### TASK OBJECTIVE
Please restate word for word the lines of the entries below from the one with "Marks and Spencer" to the one with "White bowl of", inclusive, and leave out every picture.

SUPPLIED DATA START

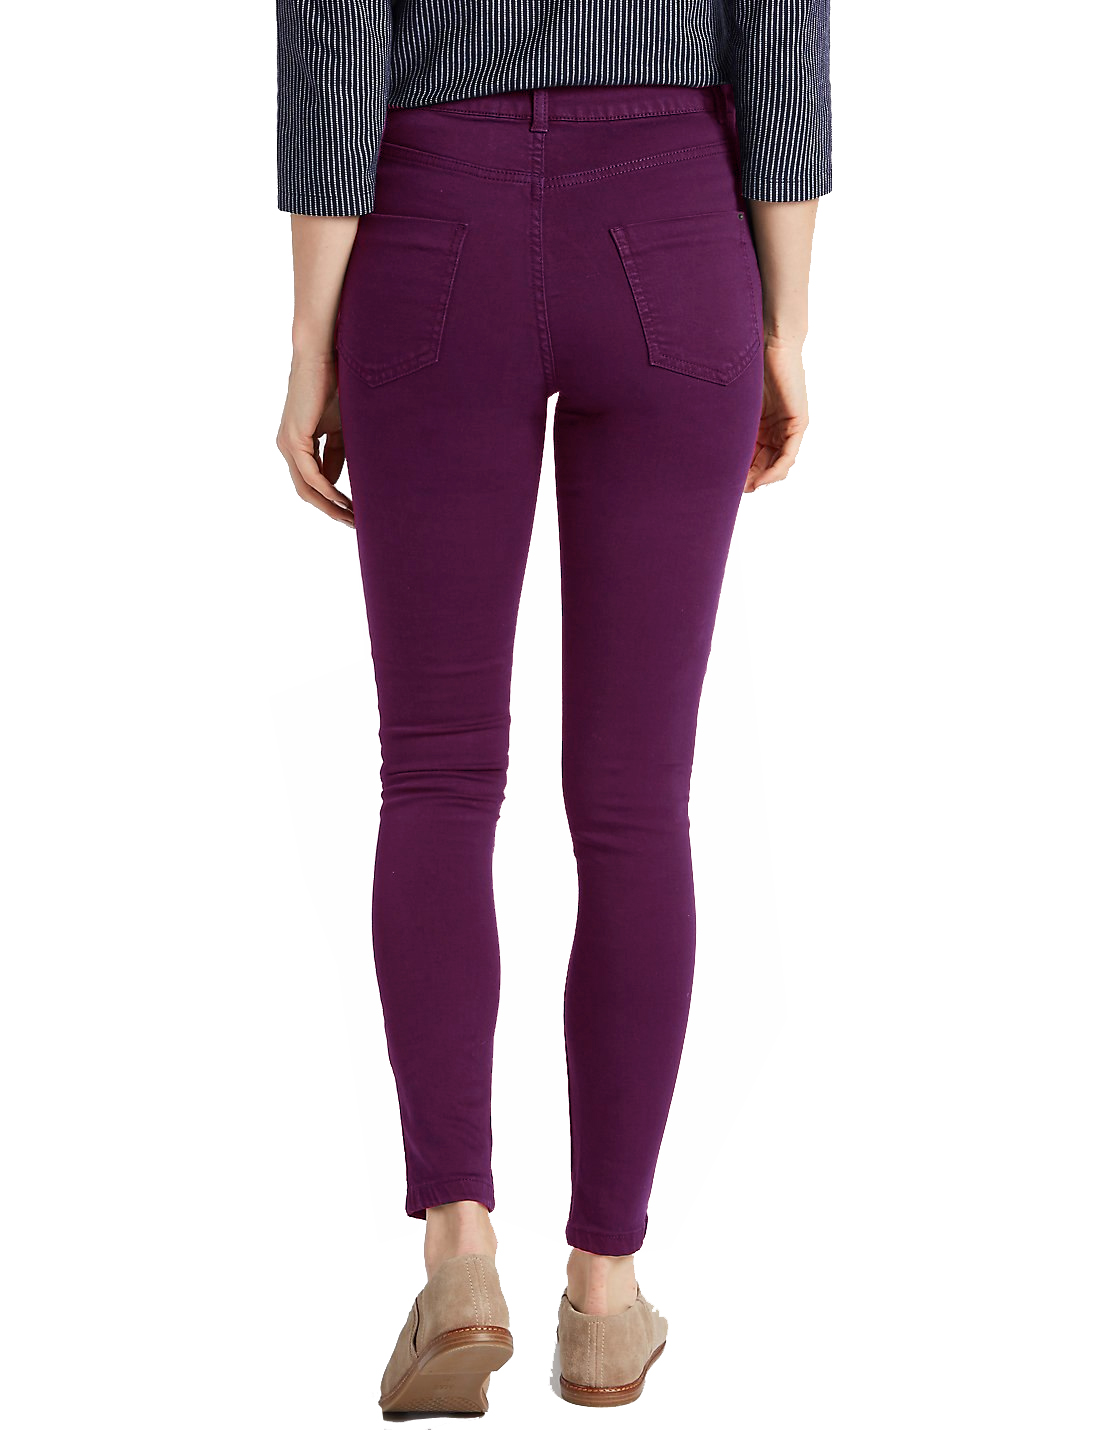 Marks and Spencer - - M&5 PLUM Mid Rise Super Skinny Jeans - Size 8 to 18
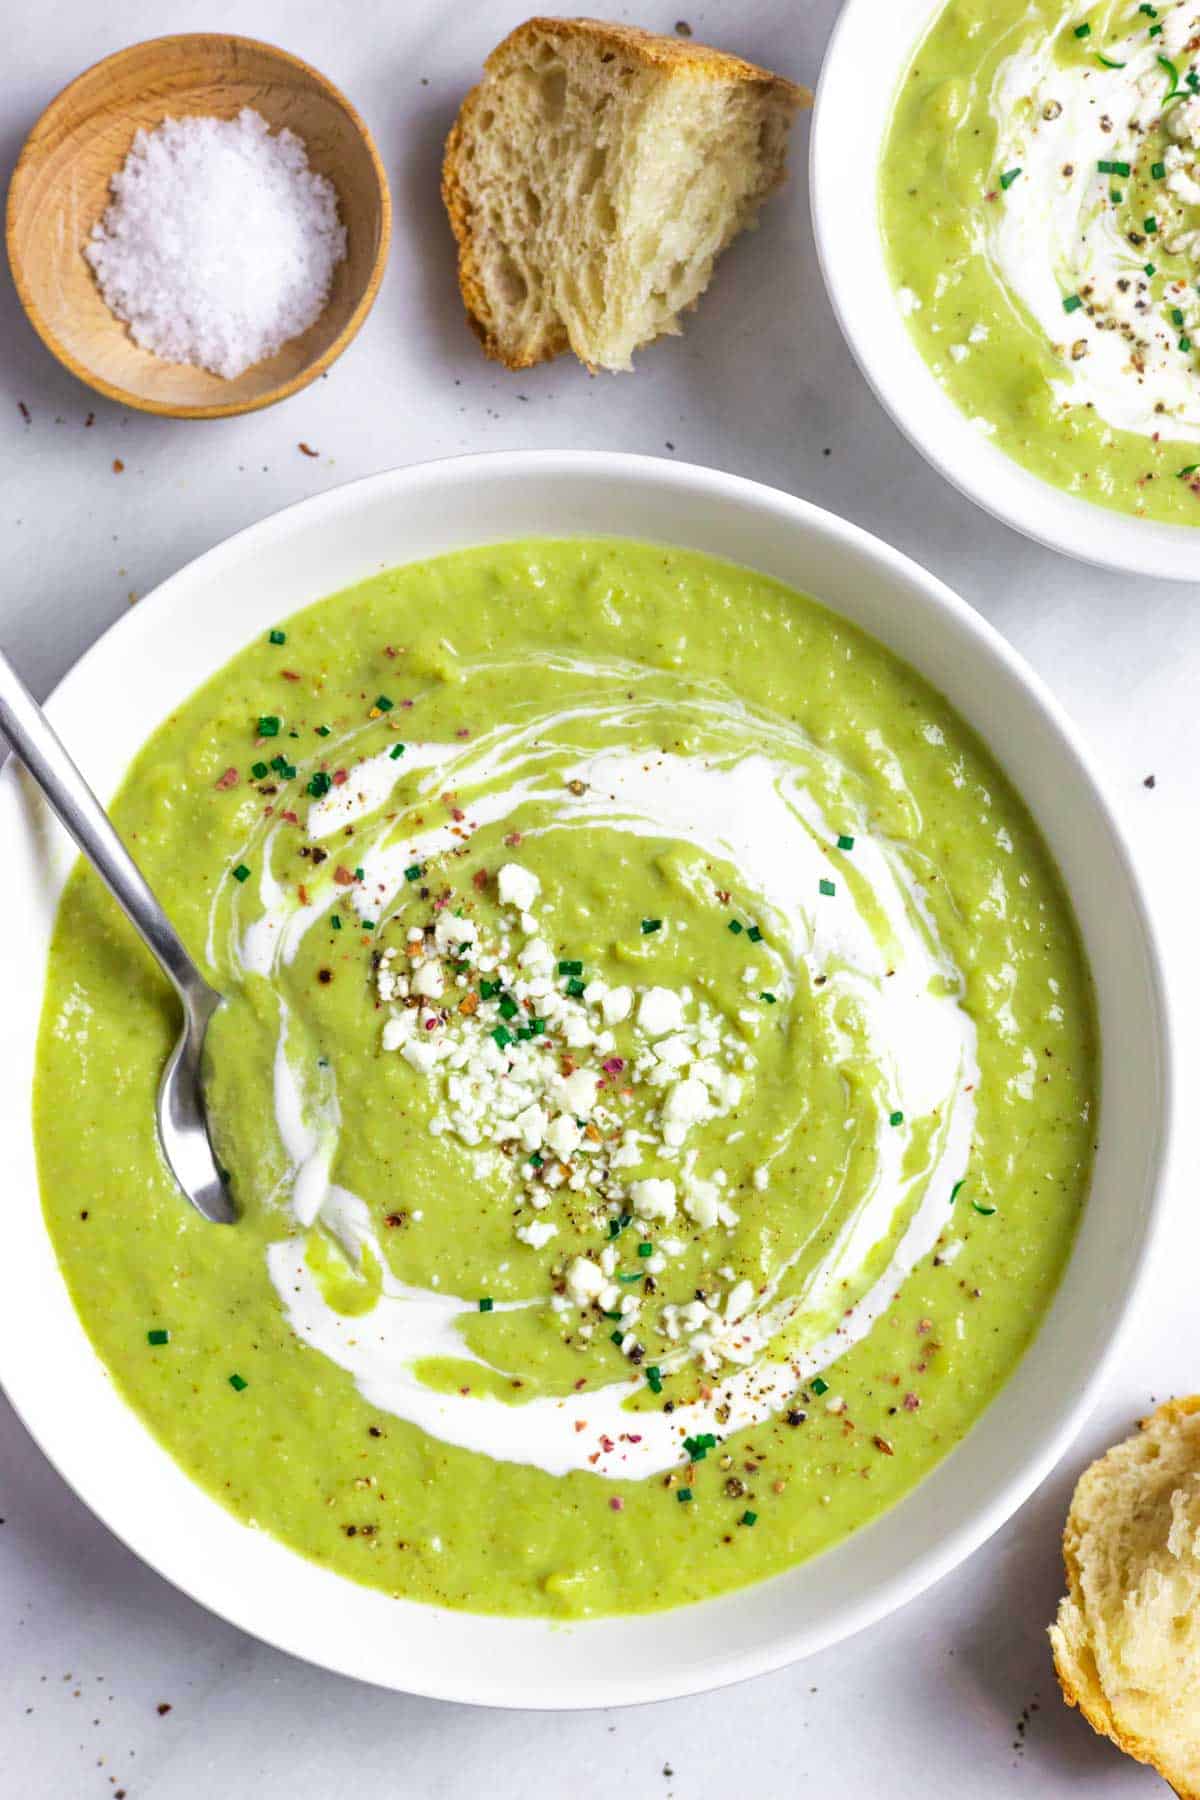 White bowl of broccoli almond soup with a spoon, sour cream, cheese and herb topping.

SUPPLIED DATA END
SUPPLIED DATA START

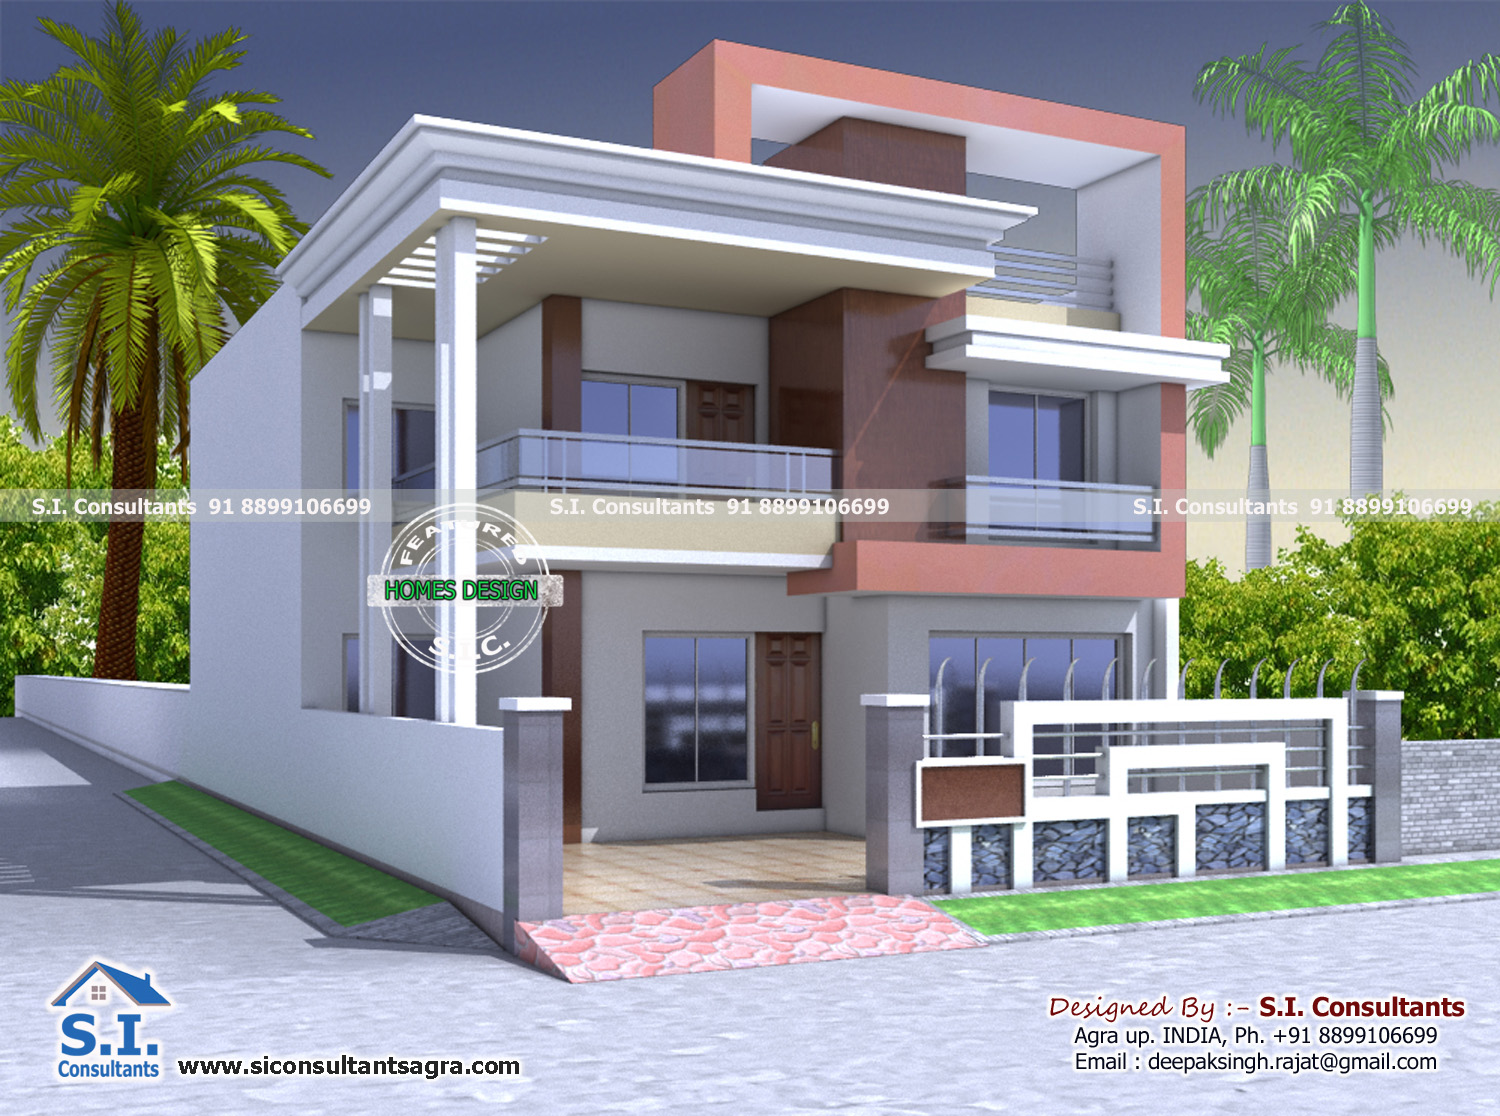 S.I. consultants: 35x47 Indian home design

SUPPLIED DATA END

### SOLUTION TO THIS EXERCISE
 Marks and Spencer - - M&5 PLUM Mid Rise Super Skinny Jeans - Size 8 to 18
 White bowl of broccoli almond soup with a spoon, sour cream, cheese and herb topping.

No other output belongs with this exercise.